Ce soir, à minuit et une, devrait commencer une grève du réseau ferroviaire canadien de proportions qui s’annoncent déjà d’ampleur inédite. Ce sont 9 300 employés combinés du Canadian National et de Canadian Pacific Kansas City qui cesseront leurs activités, menaçant toute la chaîne d’approvisionnement de paralysie pour au moins 10 jours. Dans les conditions économiques actuelles, qui sont déjà difficiles, et alors que le secteur agricole est en pleine récolte, un nouveau bris de la chaîne d’approvisionnement pourrait s’avérer catastrophique.

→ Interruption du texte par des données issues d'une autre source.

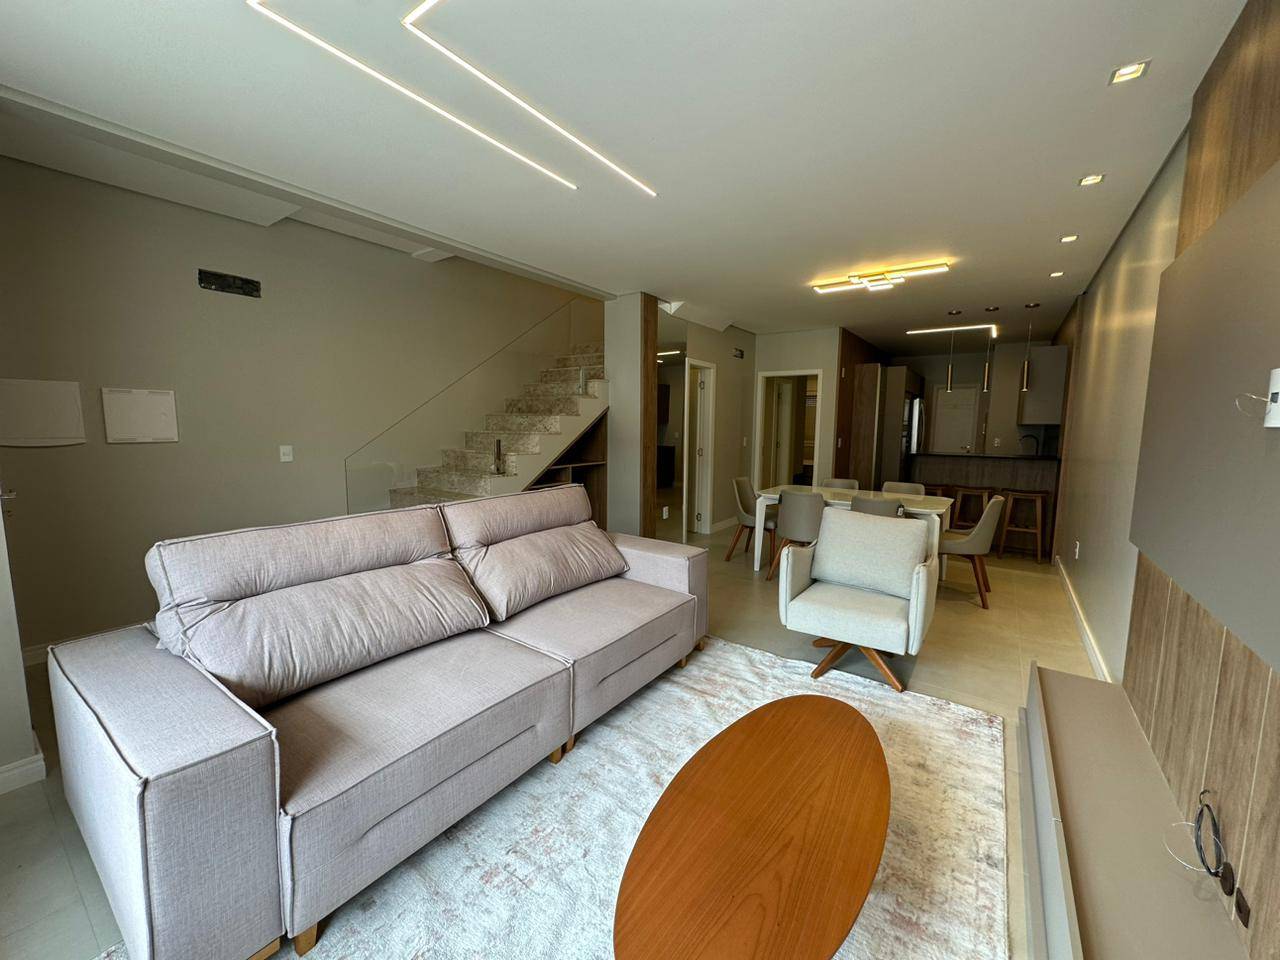 Casa em Condomínio 4 dormitórios para venda, Condomínio Murano - Zona Nova em Capão da Canoa | Ref.: 3238

En fait, la chaîne d’approvisionnement est déjà affectée depuis quelques jours. Depuis vendredi, les chemins de fers canadiens n’acceptent plus les wagons frigorifiés, ce qui a des répercussions sur les livraisons de marchandises ainsi que sur nos exportations sur tout le continent. Mais dès cette nuit, ce sera l’ensemble des marchandises qui seront abandonnées dans leur wagon, dans des stations de triage désertées.
Il faut penser ici à toutes les marchandises agricoles qui risquent de pourrir dans les hangars, toutes les ressources énergétiques qui ne pourront être acheminées et paralyseront encore davantage l’économie – et potentiellement des pannes pour particuliers comme industriels. De toute façon, les matières premières pour alimenter les usines ne seront pas acheminées non plus, ce qui se répercutera dans des entreprises partout sur le territoire.
Et tout ça va créer des pénuries et faire augmenter les prix encore davantage, alors que l’inflation était déjà une préoccupation majeure.
En somme, cette grève a les capacités de sérieusement paralyser l’ensemble de l’économie canadienne et ralentir encore davantage la reprise famélique qu’on avait depuis les années covid. Qu’importe notre opinion sur le droit des travailleurs de revendiquer de meilleures conditions, il faut reconnaître que le pouvoir combiné des syndicats du Canadien National et du Canadien Pacifique est manifestement trop puissant, et qu’il en résulte une prise en otage complète de la population canadienne.
Tout comme on ne permet pas aux travailleurs essentiels de réellement quitter leurs postes lors de grèves, ce qui les contraint à se limiter à quelques pantalons farfelus, il semble curieux qu’on puisse permettre à un secteur économique aussi vital et déterminant en termes de sécurité économique de faire exactement cela. C’est d’ailleurs l’avis de Sylvain Charlebois, directeur scientifique du Laboratoire de sciences analytiques en agroalimentaire à l’Université Dalhousie, qui était récemment en entrevue au micro de Patrick Lagacé.
Du côté politique, beaucoup de commentateurs déplorent une absence de réaction de la part du gouvernement, qui s’est limité à refuser d’arbitrer une négociation entre les parties. On presse le ministre du Travail Steven Mackinnon et Justin Trudeau de faire les choix qui s’imposent. François Legault l’a d’ailleurs exprimé clairement hier : « Je souhaite que les parties s’entendent d’ici demain, mais s’il n’y a pas d’entente d’ici demain, je demande à Justin Trudeau d’avoir le courage de prendre action. C’est trop important pour l’économie du Québec
C’est que d’une part, forcer un retour au travail pourrait être perçu comme un acte anti-syndicaliste par Trudeau, qui cherche à préserver son électorat de gauche et son alliance avec le NPD, mais s’il ne le fait pas, ce sera de toute évidence une négligence partisane dévastatrice et facilement condamnable par les conservateurs. Dans tous les cas, le gouvernement sera forcé d’agir, le Canada a carrément été construit autour d’un chemin de fer, 94% du grain qu’on produit passe par les chemins de fers. Ne serait-ce qu’en termes de sécurité alimentaire, ou d’une manière générale, afin d’éviter un choc sur les prix, il est impératif que le gouvernement mette un terme à cette grève.